Wang, who goes by the nickname 'Lady Messi', cut short her PSG stay in 2019 as she struggled to adapt to life in France and balance club and country commitments.

Having spoken to Wang about her experiences, Li feels more at ease about her move abroad.

"Wang Shuang told me that the biggest difficulty for her was the language as French is mostly spoken here. My English is not bad, so I will need to use English to communicate for a while," said Li.

"Based on my experience of playing against foreign teams, I've seen how fast European women's soccer has developed in recent years. As an athlete, or even when I retire, I can learn a lot from these players."

Yang said she's been in close contact with other Chinese players in foreign leagues to help her adjust to life in France.

"If you leave to go abroad on your own, it's perhaps more difficult, but we chat and tell each other our news," said Yang. "I'm mostly in contact with Tang Jiali (who plays for Madrid CFF), as well as other players. They are more experienced than me, so they can give me advice. I hope they'll do well with their clubs."

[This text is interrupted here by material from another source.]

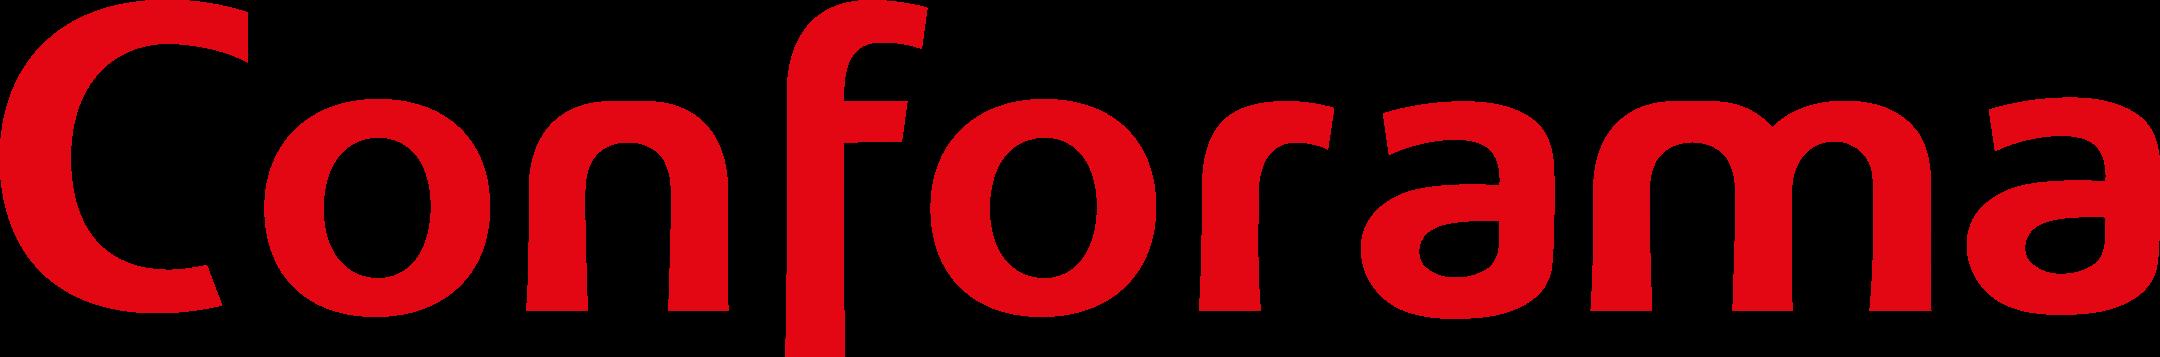 conforama logo 1 - Conforama Logo

Just a few years ago, Wang Shuang was the only member of the women's national squad to ply her trade abroad-now, there are 10.That is especially welcomed by Team China head coach Shui Qingxia.

"I hope more Chinese players can play in foreign leagues, to know what it's like out there and to absorb new ideas about soccer. It will benefit not only themselves but also the entire growth of Chinese women's soccer."